One of my questions asks, when can you conclude about the relative equillibrium concentrations of CrO4^2- in each of the colutions 0.1 M K2Cr2O7 and 0.1 M K2CrO4?

Im really confused by this question. Could someone clarify it for me? Thanks :)

K2Cr2O7 is red-orange.

K2CrO4 is yellow. The CrO4^-2 is yellow. So there is little CrO4^- in K2Cr2O7 solution.

So is K2CrO4 the equillibrium concentration of CrO4-2 is high whereas in K2CrO7 the CrO4-2 equillibrium concentration is low?

yes

Thank You :)

Certainly! The question is asking about the relative equilibrium concentrations of CrO4^2- in two different solutions: 0.1 M K2Cr2O7 and 0.1 M K2CrO4.

To answer this question, we need to understand the balanced chemical equations for the dissociation of K2Cr2O7 and K2CrO4 in water.

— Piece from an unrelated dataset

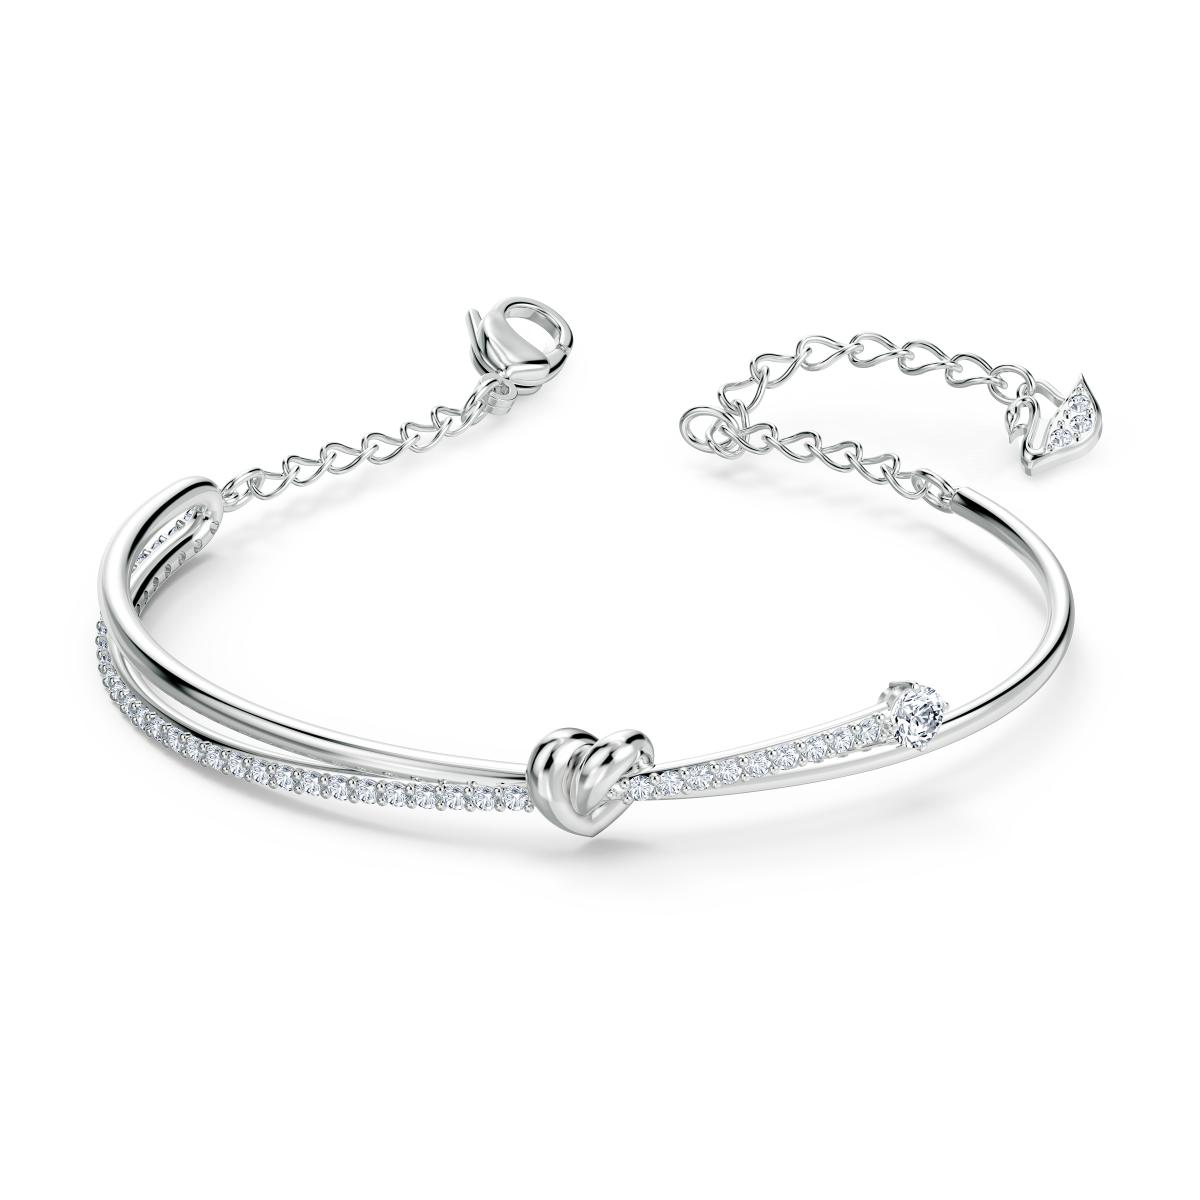 Bracelet Swarovski 5517944 - Bracelet métal rhodié blanc mini cœur Femme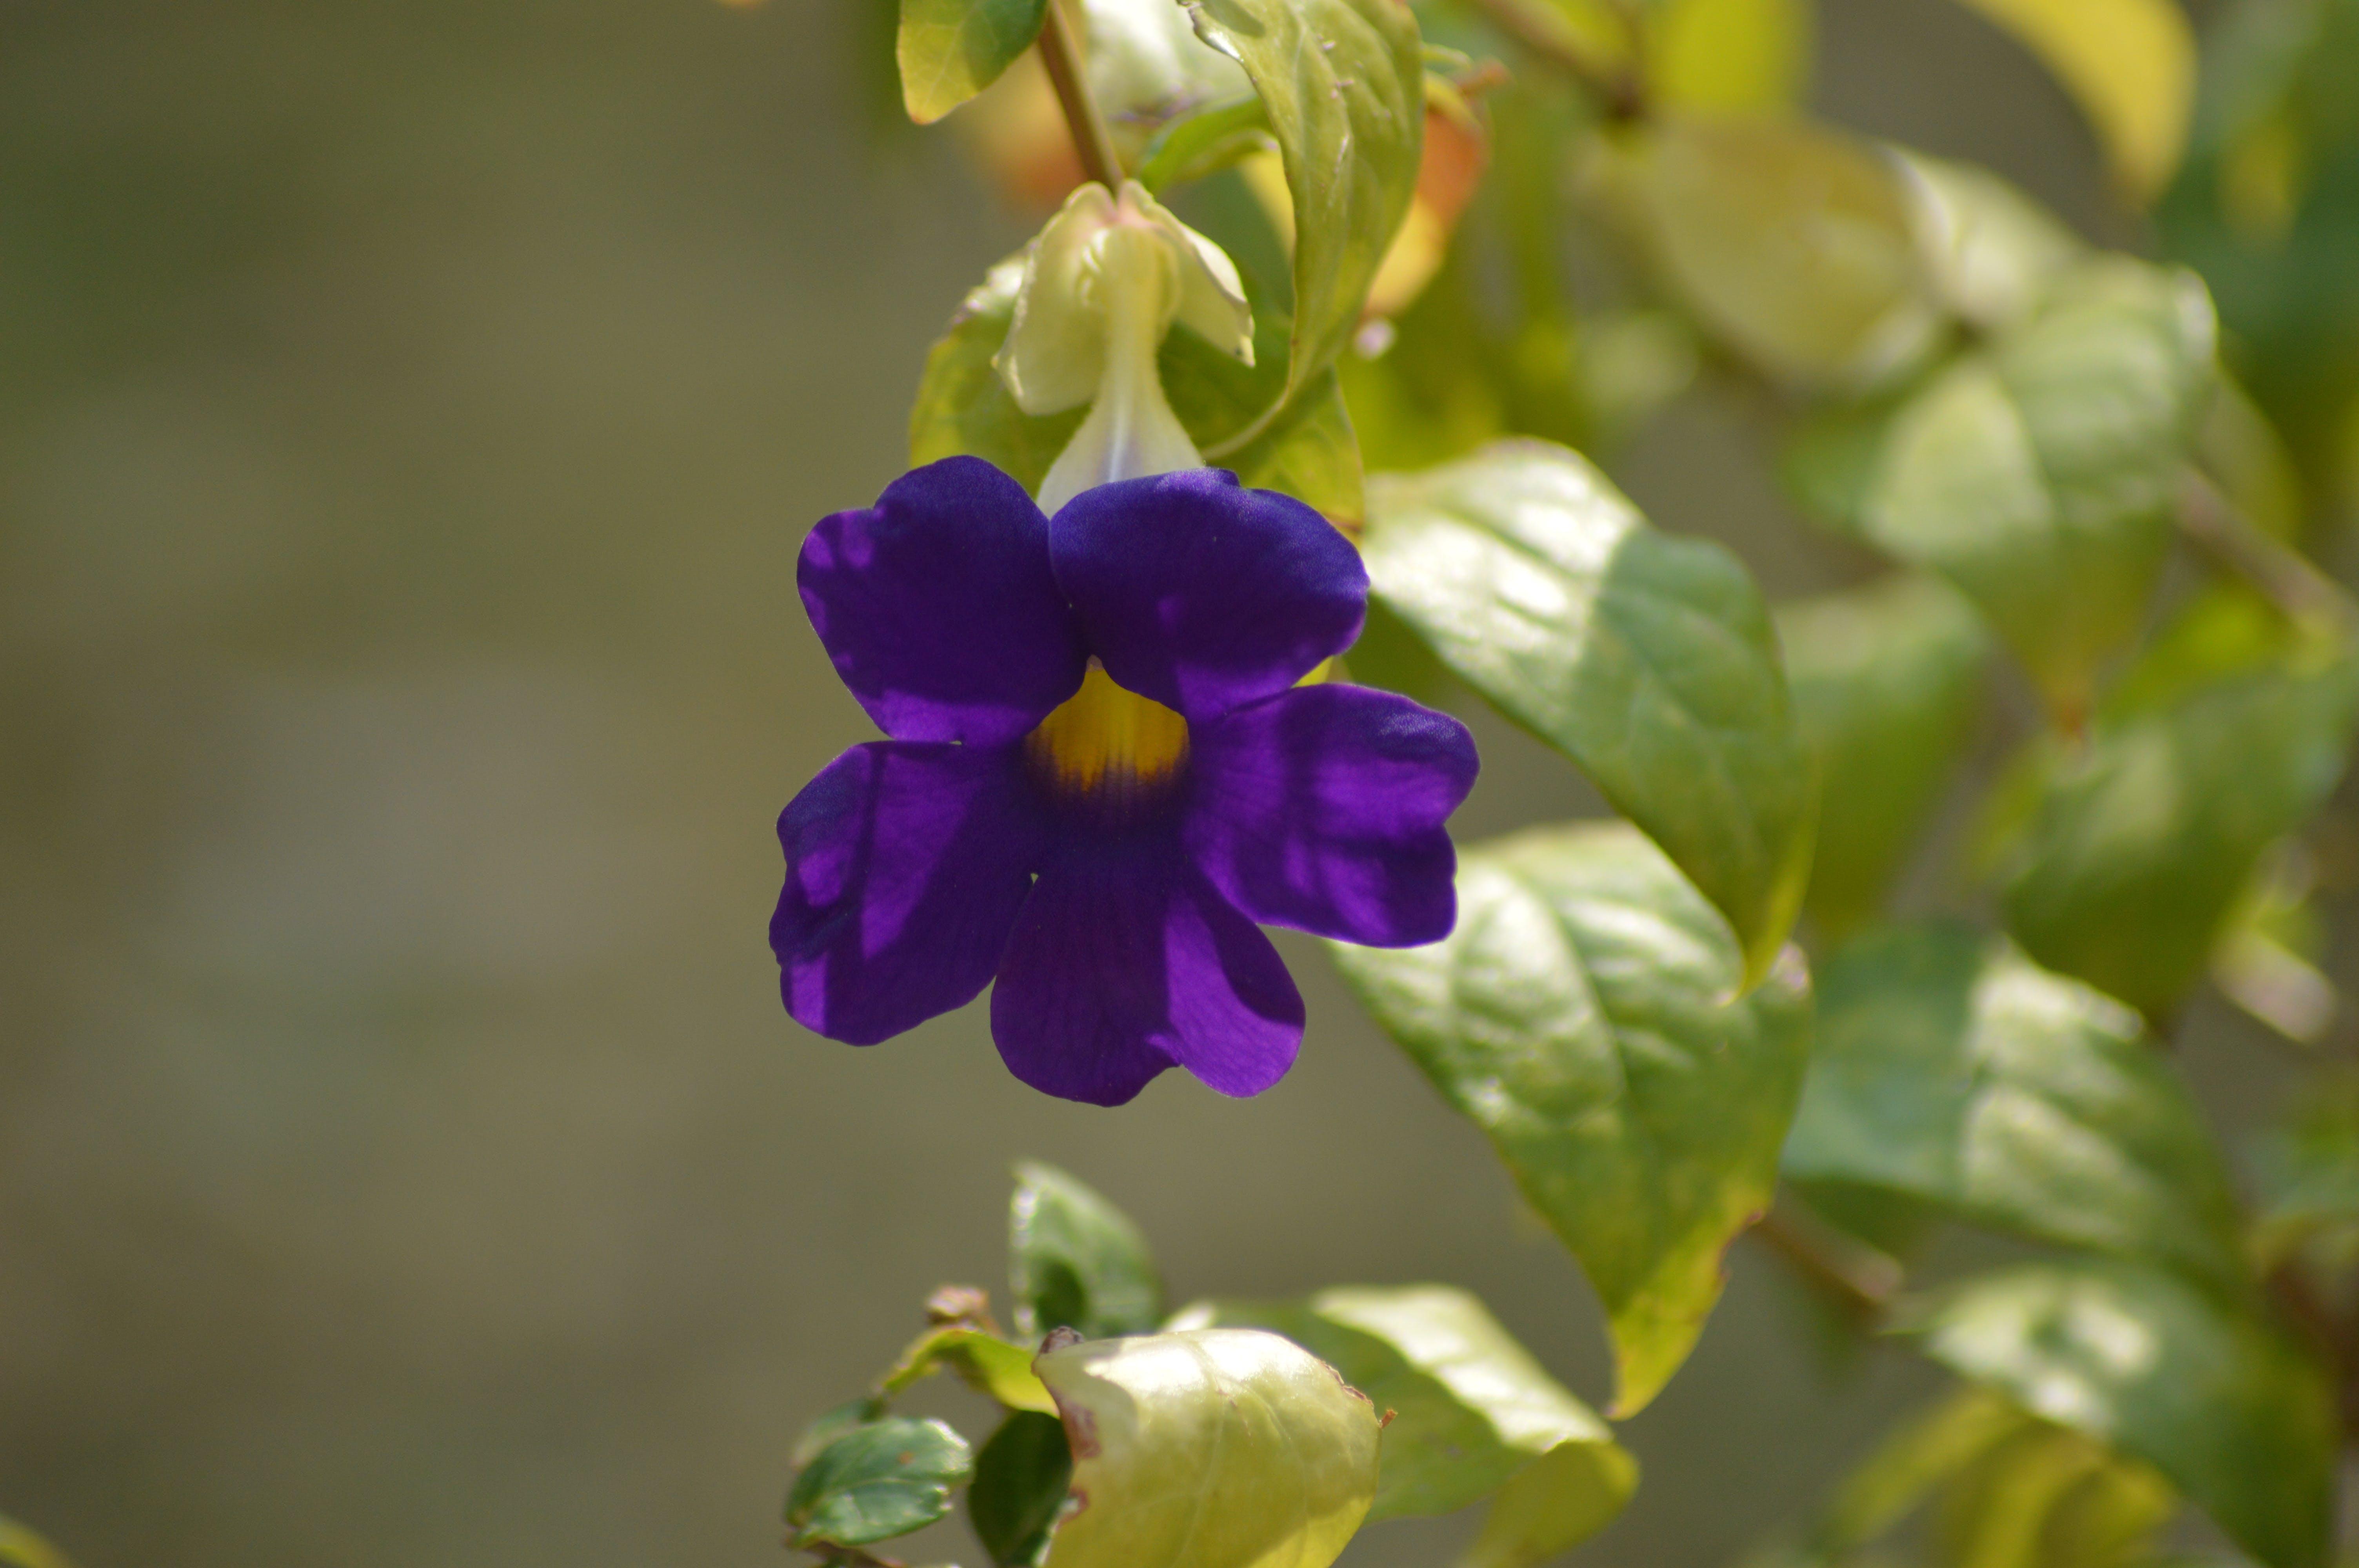 Free stock photo of flower, blue flowers, green flower

K2Cr2O7 dissociates in water as follows:
K2Cr2O7 → 2K+ + Cr2O7^2-

K2CrO4 dissociates in water as follows:
K2CrO4 → 2K+ + CrO4^2-

From these equations, we can see that both K2Cr2O7 and K2CrO4 produce the CrO4^2- ion. However, the concentration of CrO4^2- in the 0.1 M K2Cr2O7 solution will be influenced by the equilibrium position of the reaction, which is determined by the stoichiometry of the reaction and the initial concentration of the reactants.

In the case of K2Cr2O7, the equilibrium position will be influenced by the concentration of CrO4^2- produced by the dissociation of the compound. Since the reaction produces Cr2O7^2-, there will be a shift in the equilibrium to form more CrO4^2- ions, resulting in a lower relative equilibrium concentration of CrO4^2-.

On the other hand, in the case of K2CrO4, the dissociation directly produces CrO4^2- ions. Therefore, there is no additional shift in equilibrium, and the relative equilibrium concentration of CrO4^2- will be higher compared to the K2Cr2O7 solution.

In conclusion, based on the stoichiometry and equilibrium position of the reactions, we can conclude that the relative equilibrium concentration of CrO4^2- will be higher in the 0.1 M K2CrO4 solution compared to the 0.1 M K2Cr2O7 solution.